US housing market and consumer confidence are key for equity valuation

When we set out to build an earnings yield model on S&P 500 our aim was to find the factors that can explain the variation in the earnings yield. Our first model was using mostly aggregate company fundamentals on the S&P 500 such as EBIT margin, revenue growth, capex-to-sales etc., with the 12-month trailing earnings yield as the target in the model. This model was misspecified for several reasons including the 12-month trailing earnings yield being too volatile and lagging, but more importantly company fundamentals on the S&P 500 are economically related to earnings and thus not offering an interesting model driven by external variables from the companies themselves.

In the final model, we switched from aggregate fundamental data to time series on the US economy or financial markets other than the equity market. We also changed the earnings yield from 12-month trailing to 12-month forward because this variable is more stable, and the forward-looking nature of the variable is also more interesting and how the equity market operates.
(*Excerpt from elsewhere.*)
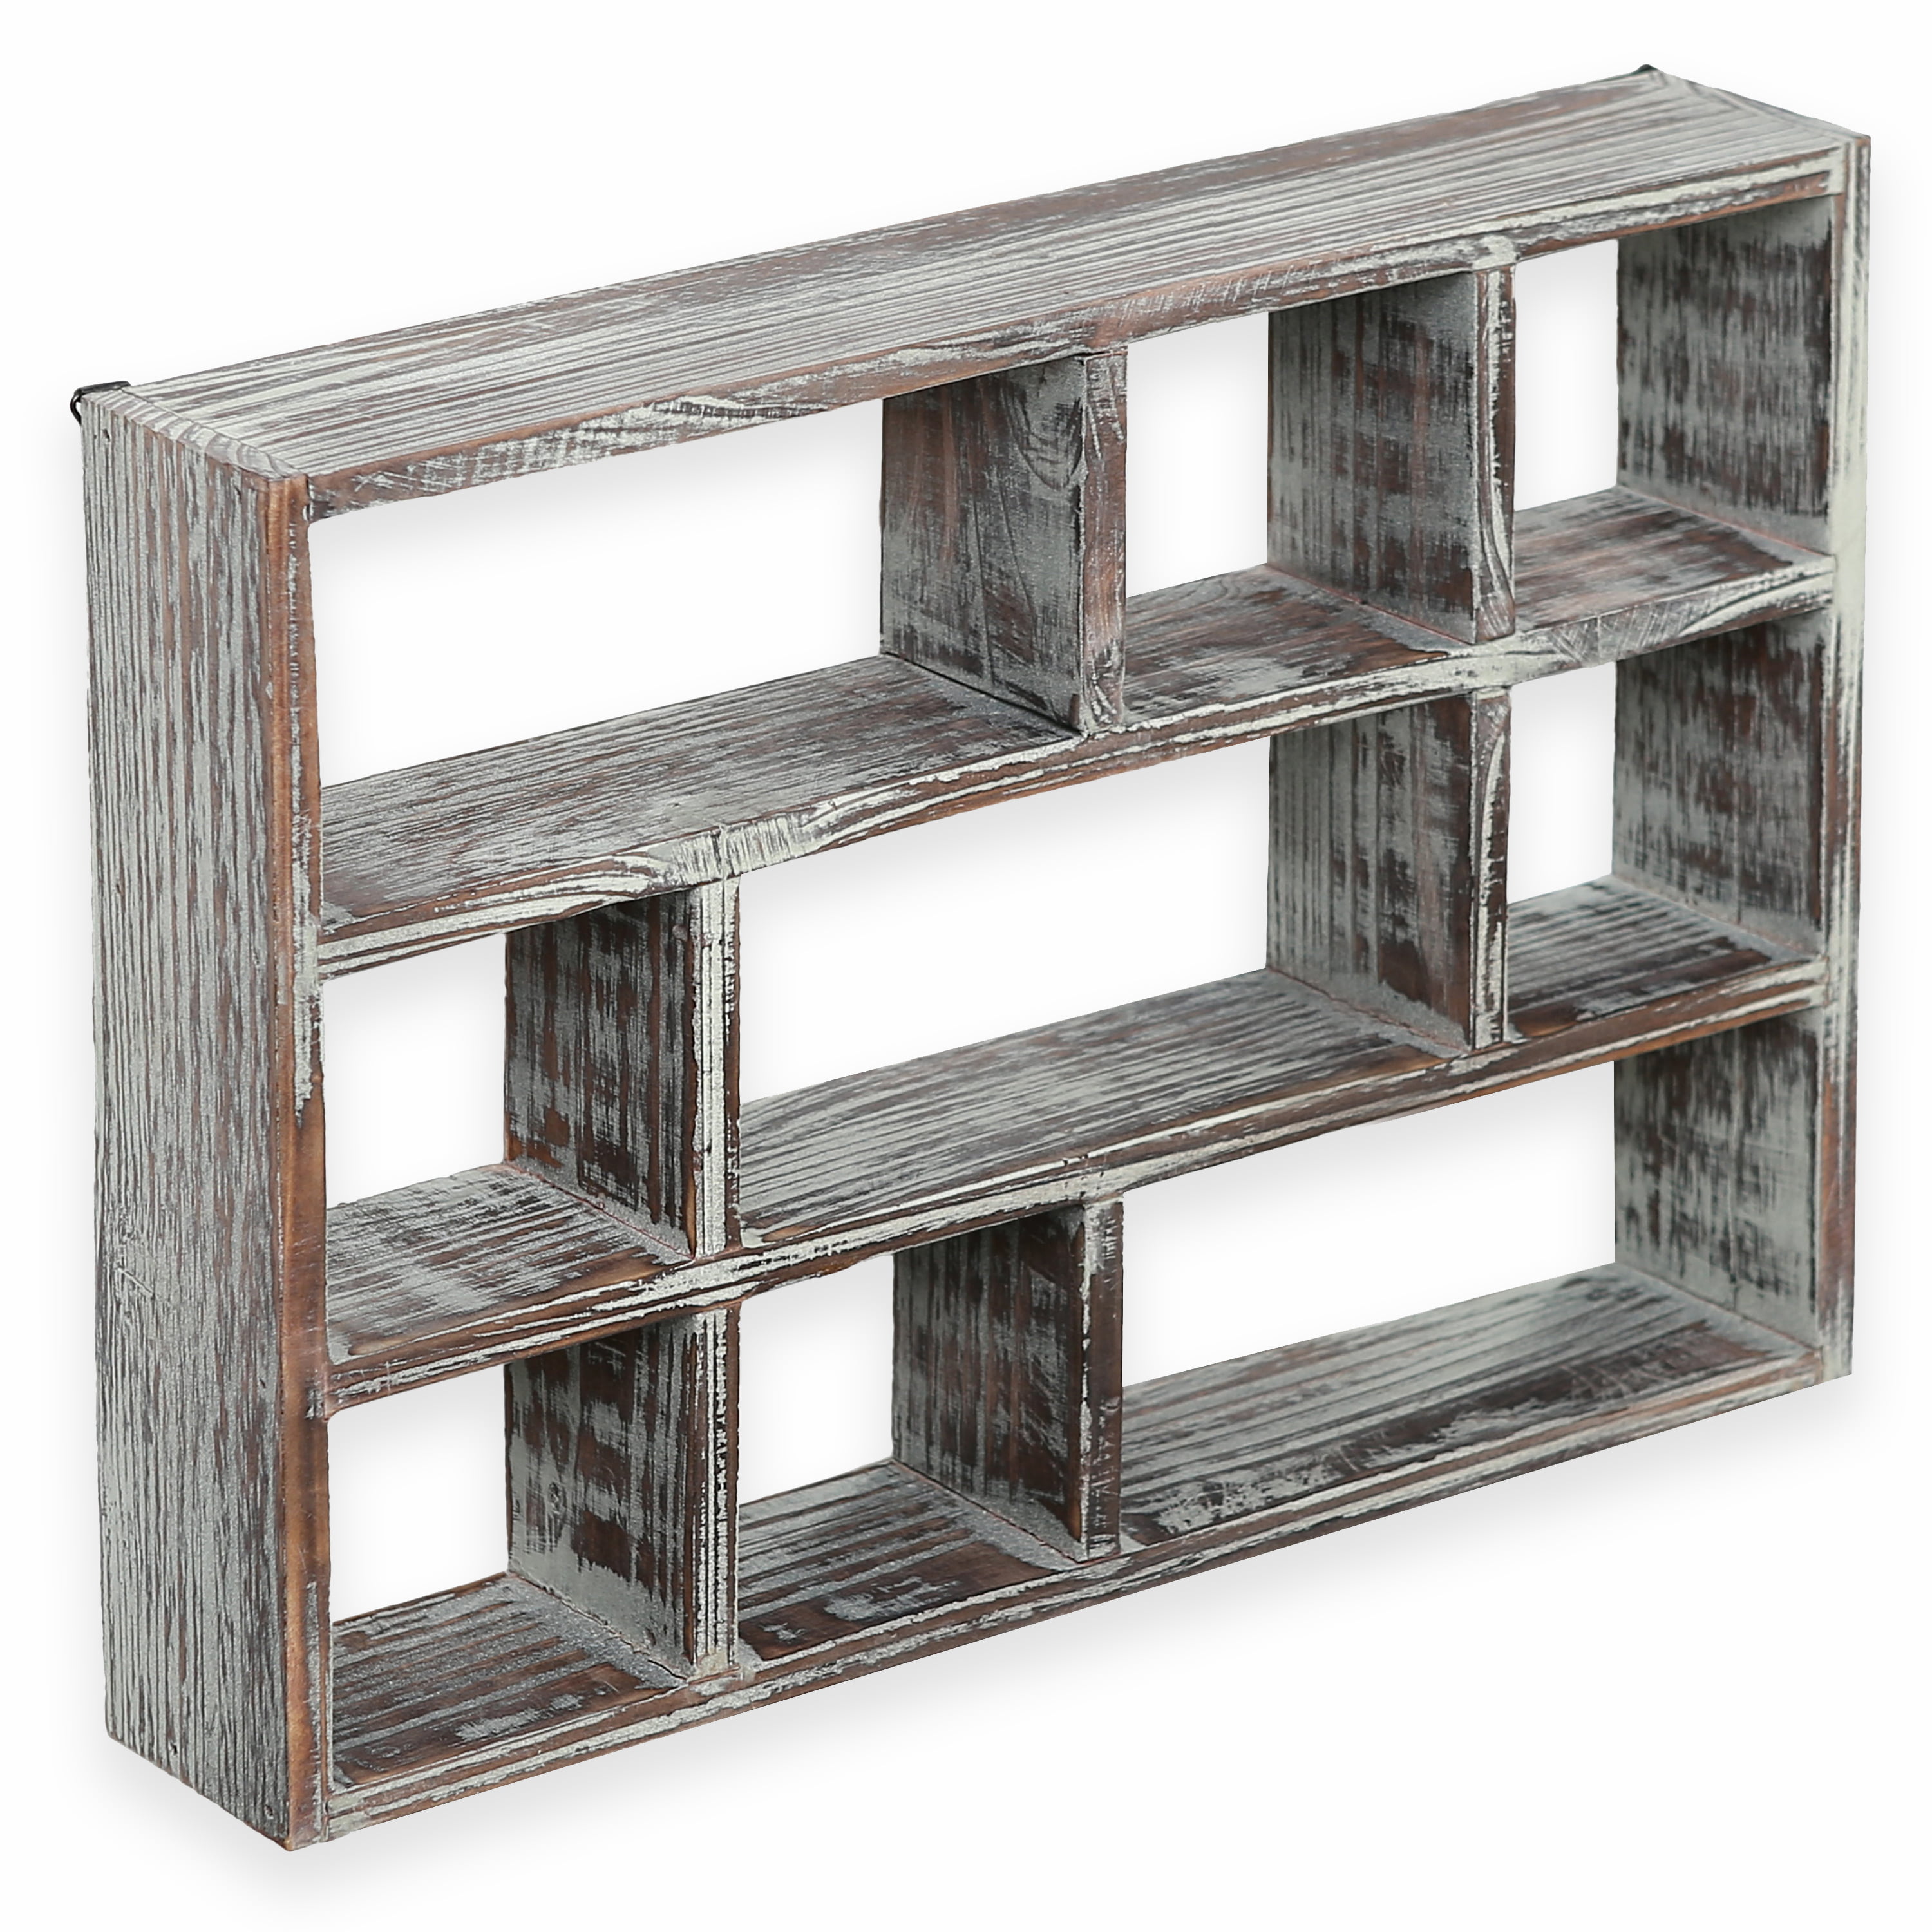 MyGift Rustic Torched Wood Wall Mounted Shadow Box w/Cubby Shelving 2 Drawers and Label Holders Dark Brown

We started out with a simple linear regression, but since we are modelling the earnings yield and not changes in the earnings yield we could not get rid of the autocorrelation in the residuals, which is a key violation of the linear regression model assumptions. We therefore ended up with a random forest model which is a less strict model in terms of assumptions of residuals and the underlying distribution of the data. Our final model consists of 25 features describing different aspects of the US economy and financial markets.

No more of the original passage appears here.